Analogamente la separazione della nozione di popolo da quella
di massa porta ad un partecipazionismo che si attende il formarsi
di una aggregazione sociale dalla mera mozione patetica degli
affetti; e all'inverso l'isolamento della nozione di massa da quella
di popolo conduce al dissolvimento della società stessa. Una
certa ristrutturazione di tutta la problematica di derivazione
nichilistico-populistica sembra possibile sulla distinzione tra un
orientamento attivo, in cui s'inscriverebbe il decisionismo e il
partecipazionismo, e un orientamento passivo, in cui si
collocherebbero le teorie del pensiero debole e dell'implosione
sociale. Ma questa distinzione è estrinseca, perché presuppone
che tali orientamenti costituiscano un effettivo oltrepassamento
del compimento nichilistico-populisti- co: in realtà essi lo
frammentano soltanto senza giungere ad una ipotesi alternativa.

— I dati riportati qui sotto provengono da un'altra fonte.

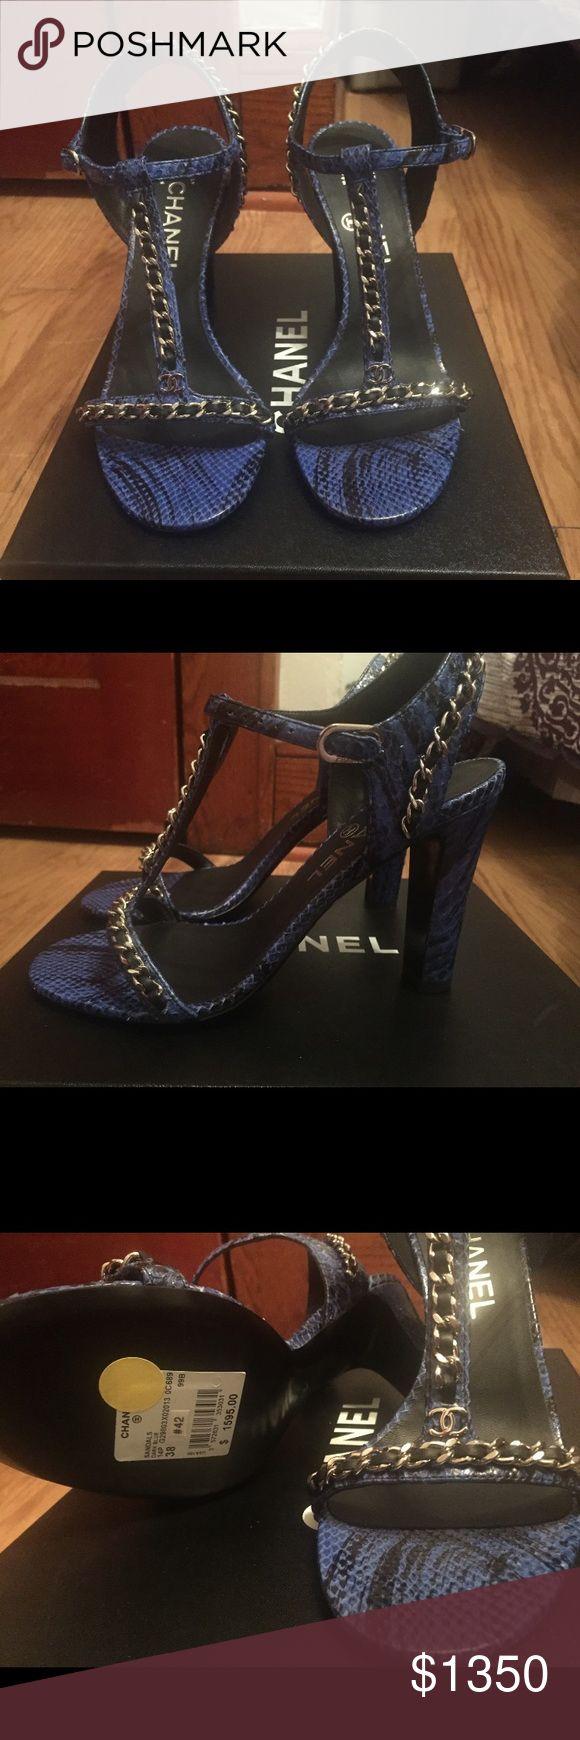 Chanel Blue python silver chain pumps Blue python silver chain pumps - CHANEL size 38 (b width)  Never worn Original price $1595 CHANEL Shoes Heels

Ciò che importa è il processo di equivalenza, circolazione e
confusione di questi frammenti. Esso instaura una situazione che
non è semplicemente riducibile al compimento
65
nichilistico-populistico nella sua forma classica, pur essendone
una conseguenza. Ciò che caratterizza questa fase estrema è la
riduzione di tutta la sedicente filosofia a spettacolo e di tutta la
sedicente organizzazione della cultura a macchinazione. Tutto si
confonde con tutto e tutto si capovolge in tutto: si afferma l'epoca
della compiuta mancanza di senso. Ogni residua pretesa ad
affermare la socialità intrinseca del pensare e la teoricità
intrinseca del potere, sulle quali è nata e si è costruita la civiltà
ellenico-cristiana viene spacciata per una velleità irrilevante,
oppure perseguita in modo aberrante come notorietà effimera e
complicità mafiosa. Lo spettacolo trova un campo di
applicazione più ampio trasformandosi in ornamento, la
macchinazione diventa accessibile a tutti nella forma della
banda. Si tratta certo ancora di sviluppi che non escono dal
compimento compiuto: l'ornamento è infatti ancor più
nichilistico della volontà di potenza e dell'eterno ritorno, la banda
ancor più populistica del popolo e della massa. Tutto il passato
viene reinterpretato sulla base di questi termini: la metafisica,
l'umanismo, la scienza e perfino la dialettica sembrano essere
state nient'altro che ornamento; la chiesa, il partito, la professione
e perfino lo stato nien- t'altro che banda. Il punto di arrivo
dell'epoca della compiuta mancanza di senso sembra essere
l'annullamento della stessa distinzione tra spettacolo e macchinazione, tra ornamento e banda: le due parusie si confondono
sempre più l'una con l'altra: forse qualcosa permette ancora di
distinguere la banda filosofica dall'organizzazione che si dà come
ornamento, ma che cosa più separa il sedicente filosofo-manager
dal sedicente manager-filosofo? Tuttavia proprio da questo
postremo esito proviene la certezza che si sta aprendo un nuovo
mondo in cui cultura e società, sapere e potere saranno congiunti
in modo molto più intimo di quanto non lo siano mai stati.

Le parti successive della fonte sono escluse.